For a single beat the old reflex surfaced: the pull toward the clean exit, the professional distance, the self-protective logic that had kept her safe. She recognized it. Let it pass.

"And?"

"And I told her the same thing I told her the first two times. I'm not going anywhere. I built this program from the ground up. I'm not leaving it for someone else's foundation."

Lex's arm tightened around her waist. "Good. Because I just signed a three-year extension and I'm not living in a long-distance relationship with a woman who took this long to admit she loved me."

Mara laughed. The sound filled the living room, warm and unguarded, a laugh that came easily now, that bubbled up from a place inside her that Lex had unlocked and that no longer needed permission to exist. Goldie's tail wagged faster at the sound of it, thumping against the hardwood floor.

"Your star player profile is enormous, by the way," Mara said. "Jordan sent over the latest numbers. You're the most followed female hockey player in the PWHL. The endorsement revenue from the sportswear deal alone is more than your salary."

"I know. It's obscene. I'm sending half of it to the youth hockey foundation." Lex grinned against Mara's chest. "The foundation you helped me set up, because you're brilliant and strategic and you told me I should put my money where my values are."

"I said that?" Mara ran her fingers through Lex's hair, combing through the tangles.

"You said it in your coaching voice, which means it's not a suggestion."

"Speaking of the future," Lex said. She drew a slow line along Mara's collarbone with one finger, the touch absent and tender. "Have you ever thought about us having kids?"

The question settled between them, gentle. Not a demand. An inquiry. A tentative foot placed on new ground, testing whether it would hold.

Mara was quiet for a moment. She looked at the ceiling and thought about kids. About the life she'd imagined for herself at twenty-five, before Sara, before the lockdown, before she'd decided that certain kinds of happiness weren't available to women like her.
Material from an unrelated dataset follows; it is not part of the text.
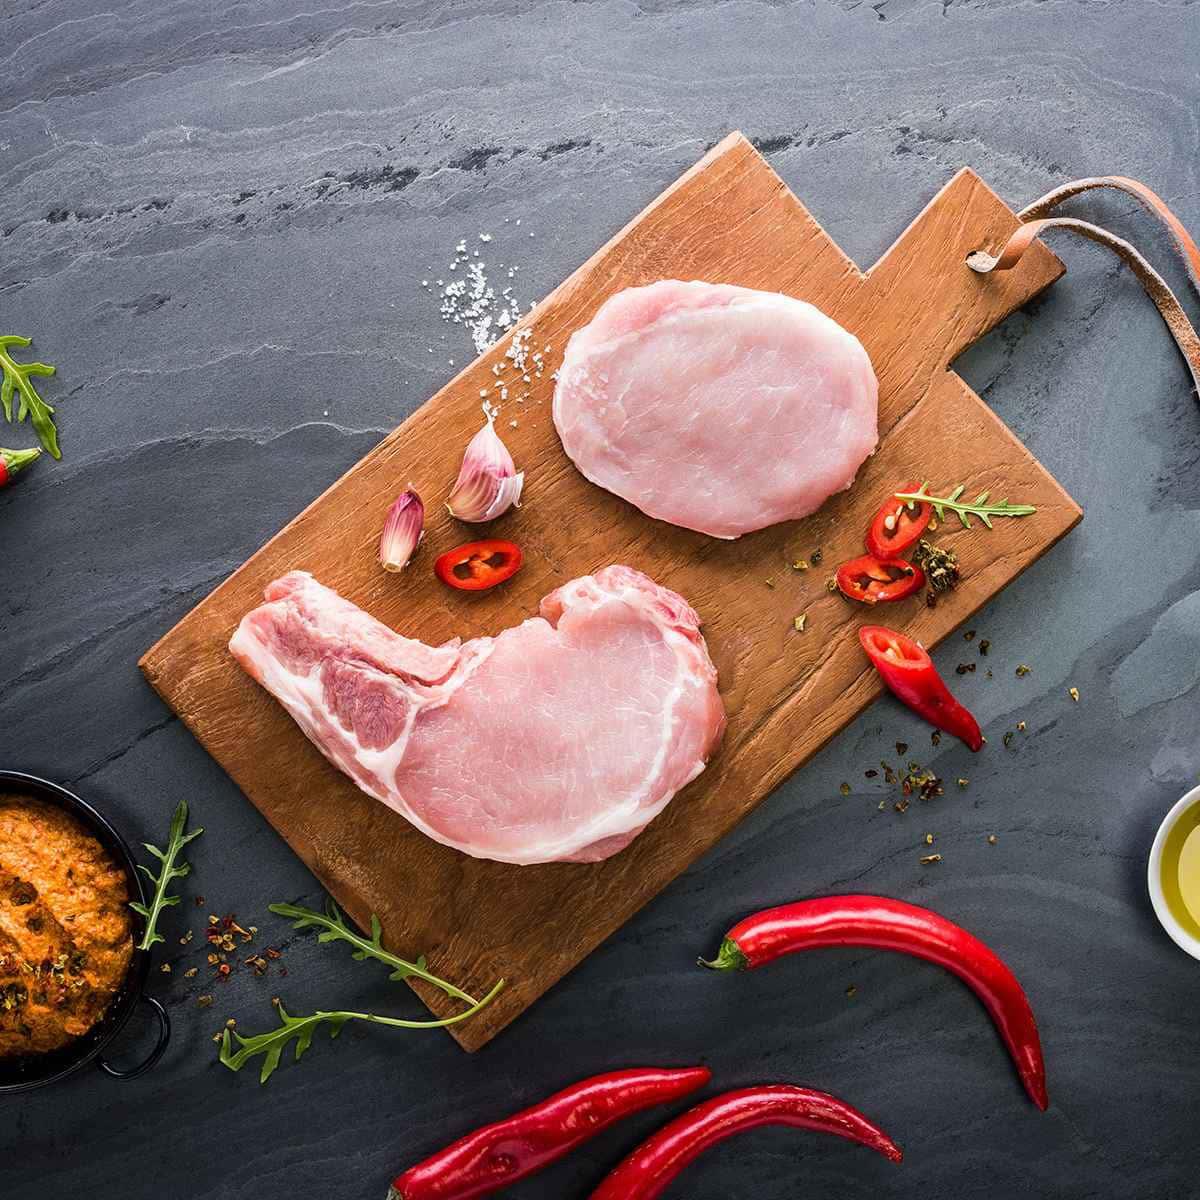 photographe culinaire viande mincerette cote
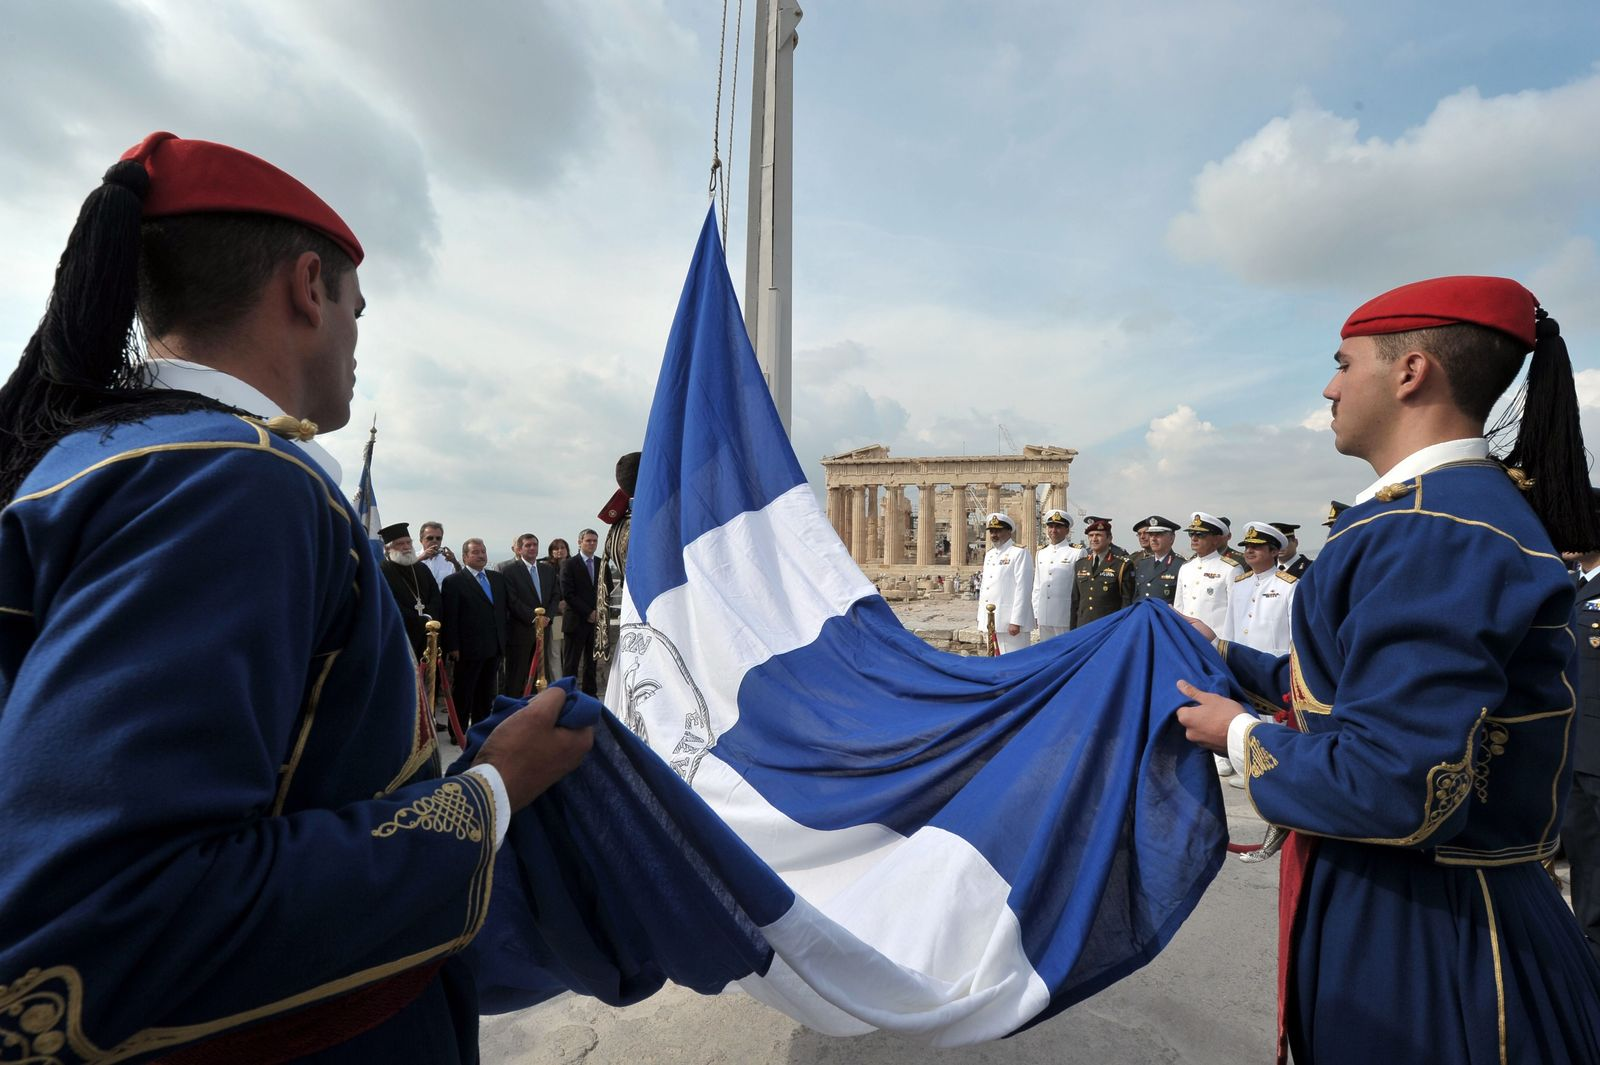 Griechenland / Zeremonie / Befreiung Nazi-Herrschaft

She thought about Lex's patience and Lex's warmth and Lex's enormous capacity for love, and she thought about Goldie, who had been the closest thing to a child Marahad allowed herself, and she thought about the house, the extra bedroom upstairs that she used as an office but that faced the ocean and caught the morning light.

"I never thought it would be possible for someone like me," Mara said. "I spent so long convinced that my career was the only thing I could have, the only thing that was safe to want. And then you showed up and proved that I could have a career and be loved at the same time, and now you're asking me about kids, and the fact that the question doesn't terrify me is probably the biggest change of my entire life."